Bénin: Les Démocrates exclus des élections locales, la crise interne sans fin

Double élimination, même constat
À peine sortis de la tourmente présidentielle, Les Démocrates (LD) viennent d’être écartés des élections communales et municipales prévues pour janvier 2026. Selon la Commission électorale nationale autonome (CENA), les dossiers du parti présentaient des irrégularités majeures : absence de parité, erreurs de signature et listes incomplètes. La CENA a également rejeté la liste de Moele Bénin, pourtant allié de la mouvance présidentielle. Une preuve, selon plusieurs observateurs, que la rigueur administrative prévaut désormais sur les calculs politiques.
Pour LD, cette décision fait écho à la disqualification du parti à la présidentielle d’avril 2026, confirmée il y a à peine deux semaines. Elle interroge sur la capacité du parti à incarner durablement l’opposition dans le paysage politique béninois, non pas tant au niveau des idées qu’aux niveaux des personnalités et organisationnels, éléments essentiels pour pouvoir compter sur la confiance des citoyens.
Une opposition en déroute
En effet, ce nouveau revers confirme un enchaînement d’échecs politiques et organisationnels. Depuis la crise du parrainage présidentiel et la défection du député Michel Sodjinou, le parti n’a jamais retrouvé de cohésion. Les départs successifs de figures comme Patrick Djivo et les critiques de cadres tels que Midofi Antonin Hounga ont accentué les fractures internes. Plusieurs coordonnateurs locaux ont aussi quitté le navire dans les départements du Mono et du Couffo.
Malgré ces signaux d’alerte, la direction présidée par Boni Yayi a continué d’imposer ses choix sans consensus, à l’image de la désignation du duo présidentiel. Résultat : le parti est aujourd’hui paralysé par la défiance et les querelles de leadership, dont le grand perdant est le débat d’idées.
Houndété tente de garder le cap
Face à la décision de la CENA, Éric Houndété a adopté un ton mesuré. Il a reconnu les manquements du parti et a appelé à en tirer les leçons, tout en soulignant que Les Démocrates ne remettaient pas en cause le travail de la CENA.
Une position jugée responsable, contrastant avec la rhétorique accusatoire de certains membres du bureau politique. Elle illustre une fracture de plus entre l’aile institutionnelle du parti, soucieuse de préserver l’image d’un parti responsable, et une partie de la direction plus radicale, préférant attaquer les institutions.

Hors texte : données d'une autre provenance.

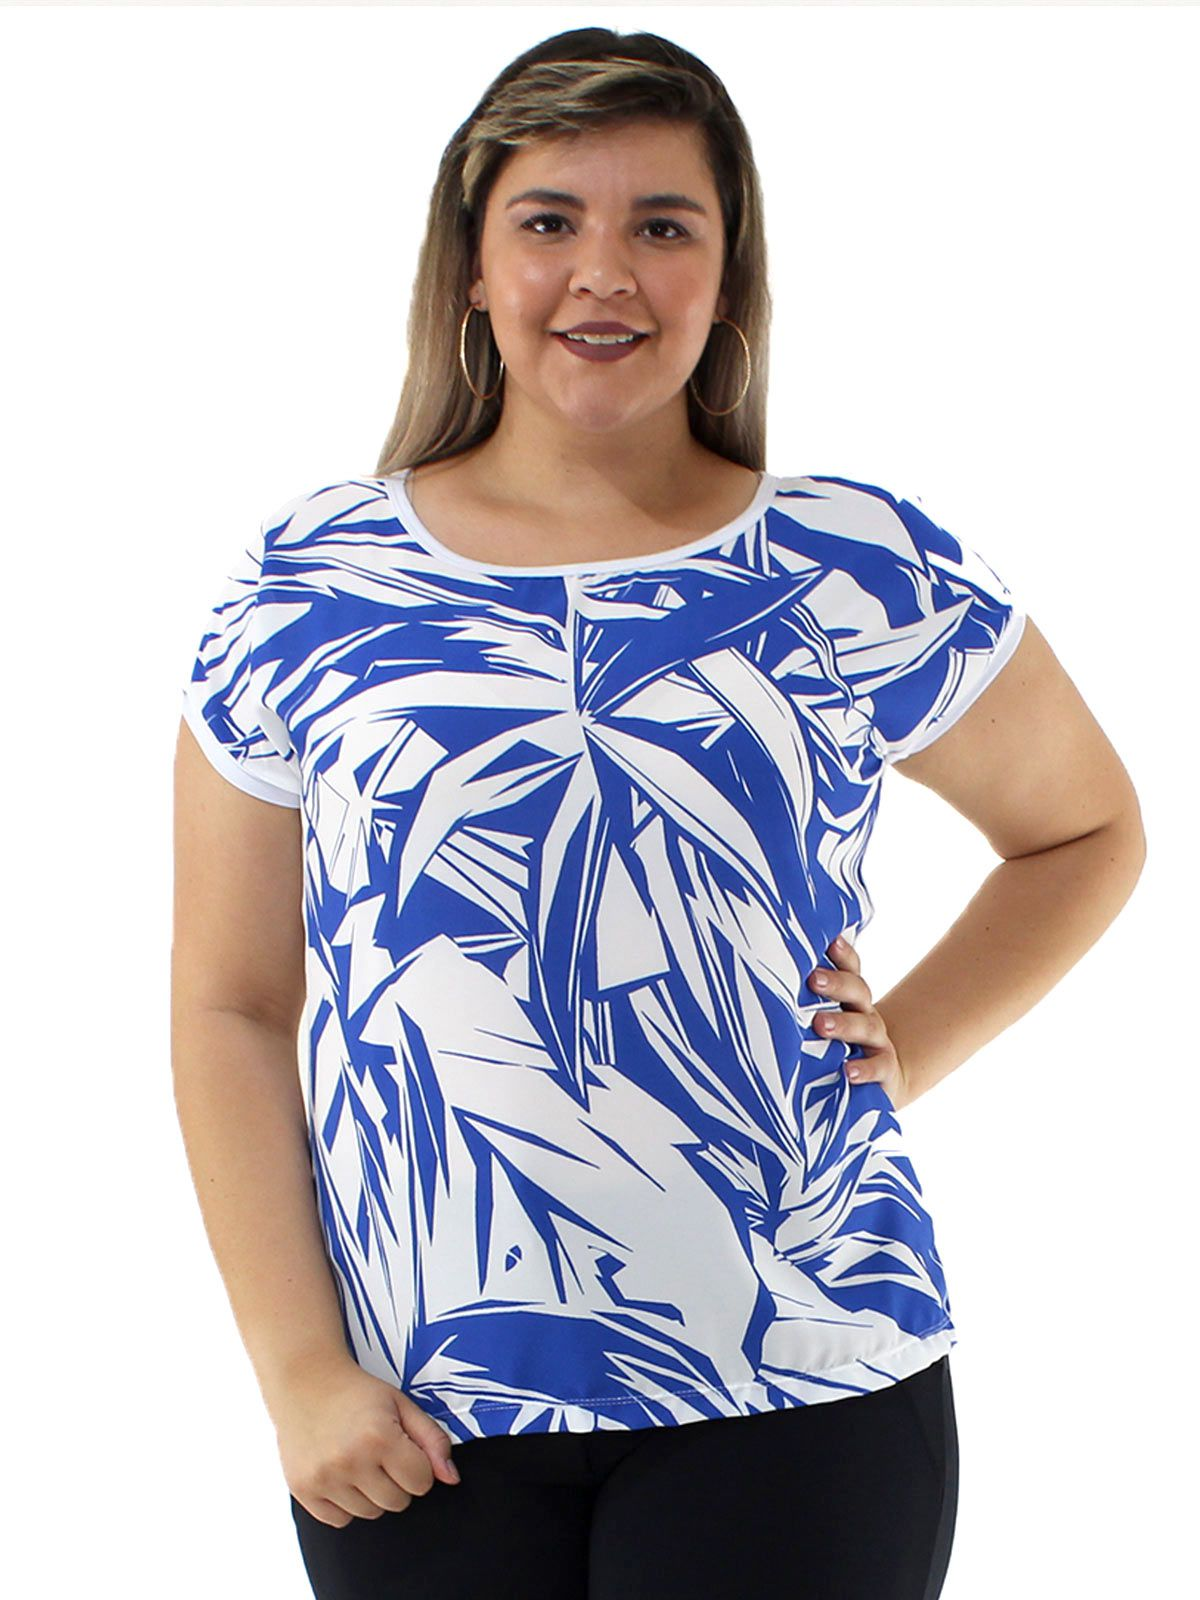 Blusa Plus Size Decote Aberto Estampada KTS Azul

Le spectre judiciaire s’invite dans la crise
À cette crise politique s’ajoute désormais une dimension judiciaire. Des enquêtes préliminaires auraient été ouvertes par le CRIEF sur la gestion des fonds électoraux et sur d’éventuelles falsifications de documents.
L’affaire Sodjinou, qui avait révélé l’utilisation présumée frauduleuse d’une fiche de parrainage, continue de hanter le parti. Si aucune inculpation n’a encore été prononcée, ces soupçons suffisent à entretenir un climat de défiance au sein des cadres et des militants du parti.
Une crise bien plus profonde
Cette exclusion des communales n’est que la partie émergée d’un iceberg. Derrière l’argument administratif, c’est un parti en crise identitaire qui se délite : absence de stratégie, tensions régionales, perte de repères. Même des militants historiques admettent leur découragement. “Le problème n’est pas la CENA, c’est notre propre incapacité à nous organiser”, confiait récemment un élu local démissionnaire.
Alors que les citoyens béninois souhaitent vivre un grand débat démocratique en 2026, l’opposition donne le spectacle d’une décomposition accélérée. Les Démocrates, qui rêvaient d’incarner l’alternance, sont aujourd’hui prisonniers de leurs divisions, et leur naufrage illustre une crise plus large : celle d’une opposition incapable de se renouveler et de se structurer pour offrir une véritable alternative de gouvernement.